Батюшка. Кулак и крест (Серегин) - страница 47

– Смотри, поп, еще пожалеешь, – злобно сказал коренастый. – Еще встретимся.

– Вряд ли, – с сомнением ответил священник. – Пока пройдет следствие по факту вашего побега, пока суд... Потом этап и новая зона. Дополнительный срок. А если вы еще и на конвой напали, и, не дай бог, конвоира убили, то я вам, ребята, не завидую. Не до меня вам будет.

– Я смотрю, папаша, – подал голос Клещ, – ты в молодости в вертухаях служил. Или в ментовке? Небось, грехи замаливать в попы подался?

– Вам-то какая разница? – с грустью ответил отец Василий, осматриваясь по сторонам в поисках заточки, которую следовало захватить с собой и передать милиции. – Мое прошлое на вашей судьбе никак не отразится.

Тут до сознания отца Василия дошло, что брошенная им как бы невзначай фраза имеет гораздо более глубокий смысл. Получается, что он покривил душой, отвечая таким образом зэкам. Как раз его прошлое на их судьбу и повлияло. Не будь у него такого прошлого, не было бы и таких навыков, которые позволили почувствовать там на тропинке опасность, увидеть следы, свидетельствующие о том, что произошло нападение. А потом пойти и задержать преступников, не дать им совершить еще одно тяжкое злодеяние. Фактически спасти молодую женщину не от позора, а от неминуемой смерти. Не пощадили бы они ее, надругались и убили, потому что она свидетель. И неважно, что по трупу милиция все равно догадается, кто это сделал. Это их повадки, их потребность. Звери, вырвавшиеся из клетки.

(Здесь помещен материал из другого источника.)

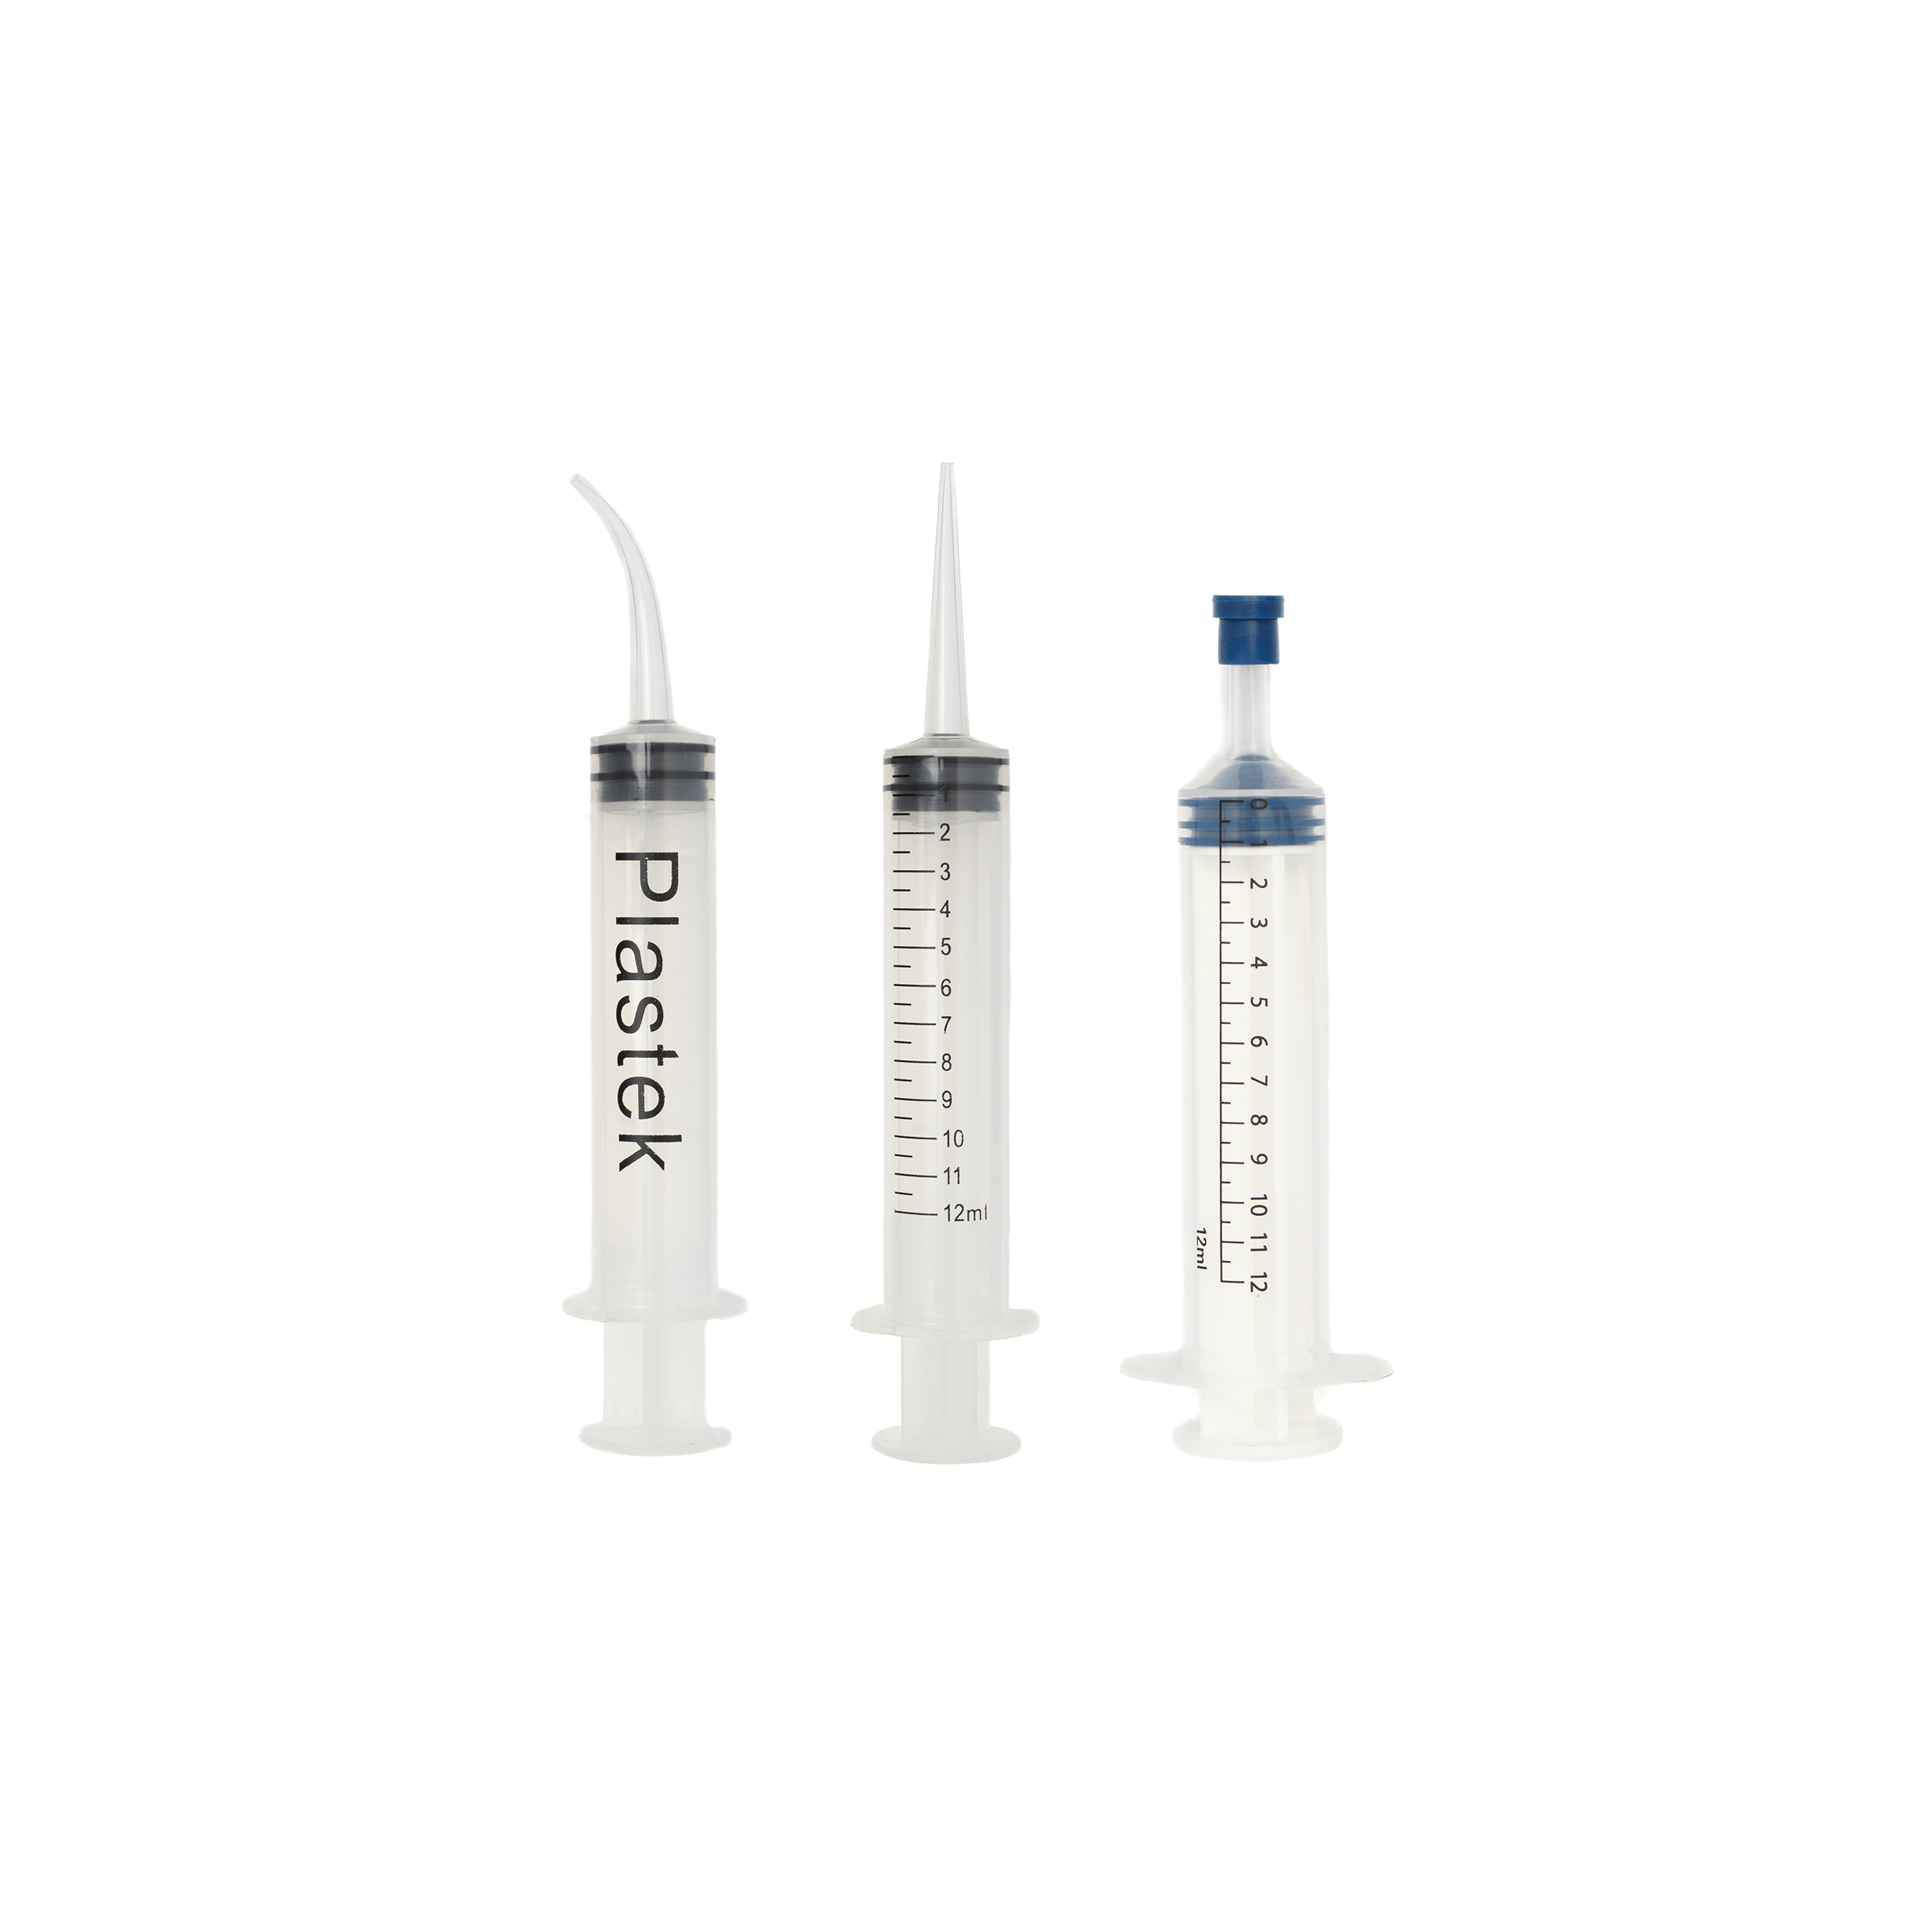 Image of all three syringes side by side. Left to right: P-18, P-18-STR, P-12ML-SYR-LL-C.

Отец Василий мысленно остановился, заставил замолчать расфилосовствовашийся внутренний голос. Он почувствовал, что внутри закипает ненависть к этим дум беглым заключенным. Они ведь не гнева, а жалости достойны. Темно у них на душе, не видят они света, не ведают любви к ближнему, как не изведали наверняка и любви ближних к себе. Мечутся по стране, из зоны в зону, пытаются жить по придуманным ими же законам и думают, что вершат свою судьбу. А у них впереди только бездонная и черная бездна. Гибнущие души, не ведающие спасения, не знающие раскаяния.

Смотреть на них горько, как на слепых, которые идут, выставив вперед себя руки и думают, что идут к свету. Но не знают они света, не пробился он в их изъеденные уголовной ржавчиной корявые души. А впереди только тьма и муки чистилища. А сколько тепла и любви они могли бы дать окружающим, проживи они другую жизнь, более чистую и светлую.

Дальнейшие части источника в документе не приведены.